Laser induced subsurface modification of materials provides a route for rapid energy deposition while simultaneously constraining the material’s response due to the surrounding unaffected material. This method is of interest for creating functional subsurface modifications, for example as part of a Si wafer dicing method where the modifications guide crack propagation during cleaving, allowing for accurate sectioning of wafers. Furthermore this method has many parallels with pulse laser melting, typically used to attain highly non-equilibrium semiconductor doping, while extending the material science into a subsurface regime where new behaviours are manifested.

One such behaviour is the formation of voids within the melt volume due to the combination of higher melt density and constrained melt volume. However investigations of these voids are nontrivial as they constitute only a small portion of the modified volume, while simultaneously existing deep subsurface.

Both scanning electron microscopy (SEM) and transmission electron microscopy (TEM) was used to investigate the voids that persisted after solidification to examine their morphology and relate this to the morphology without a void.

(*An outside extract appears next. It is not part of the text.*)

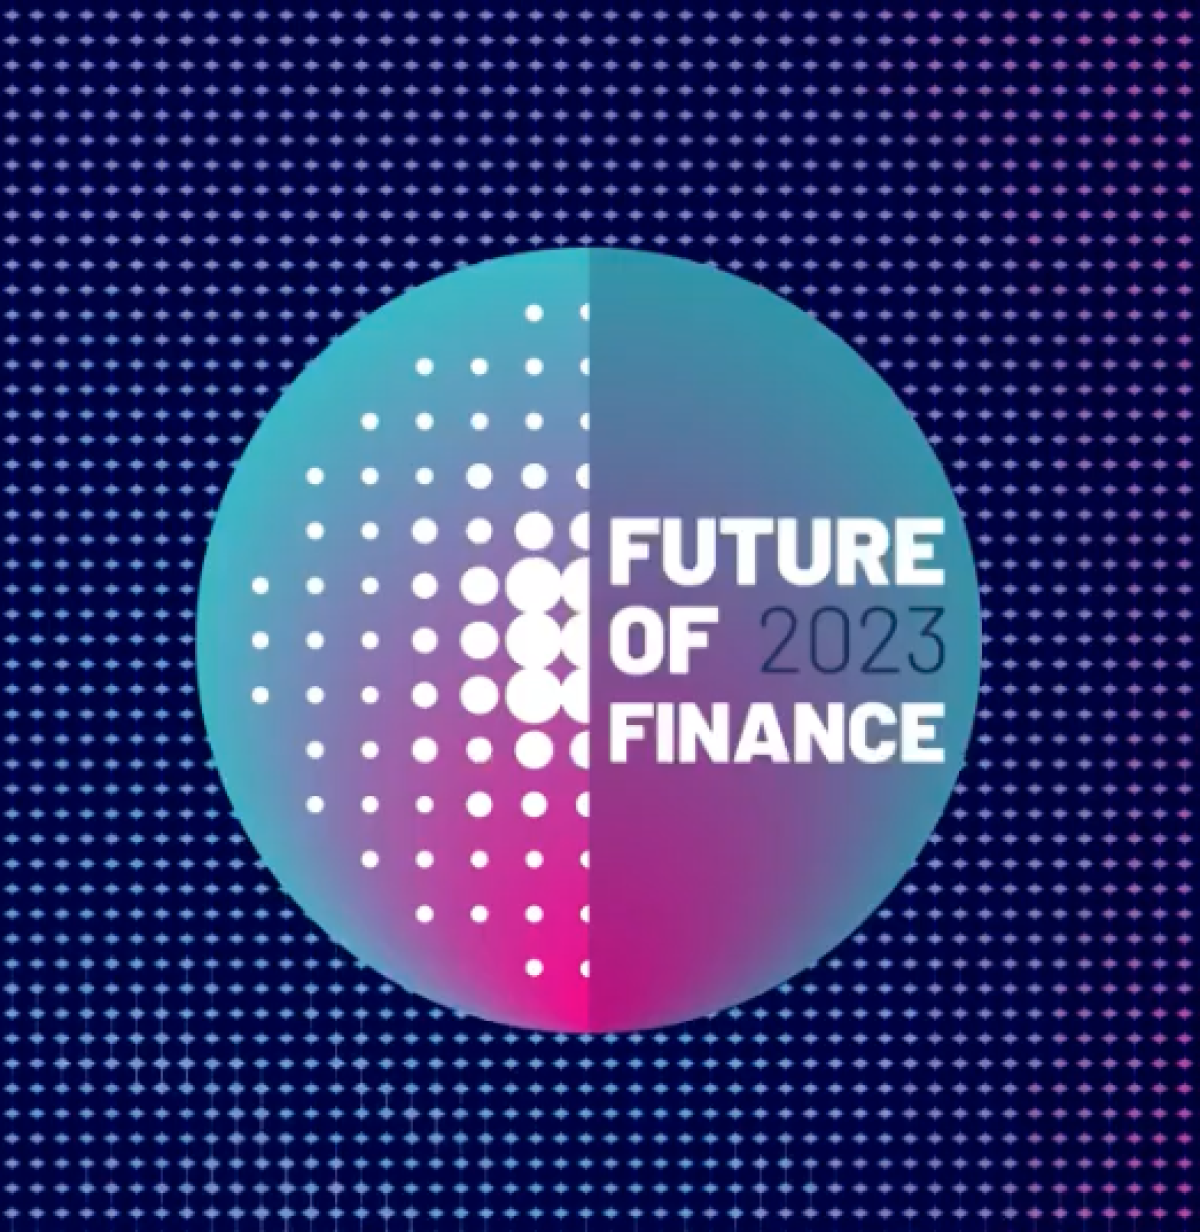 UNSGSA Queen Máxima to Conduct Fireside Chat at FMO’s Future of Finance

SEM of modifications exposed by cleaving shows that most modifications contain one persistent void with a roughly cylindrical profile, as confirmed by TEM. By conservation of mass, a subsurface void must indicate that excess material is distributed elsewhere in the modified volume. During solidification this implies that the void should refill and indeed this appears to partially occur. Cones of material with crystallography that does not match the bulk appear to result from melt injected into the void during radial solidification. Rapid cooling of these jets often results in solidification to an amorphous state. Nevertheless, even partially refilled, the persistence of voids indicates that excess material remains in a high density state elsewhere in the modification.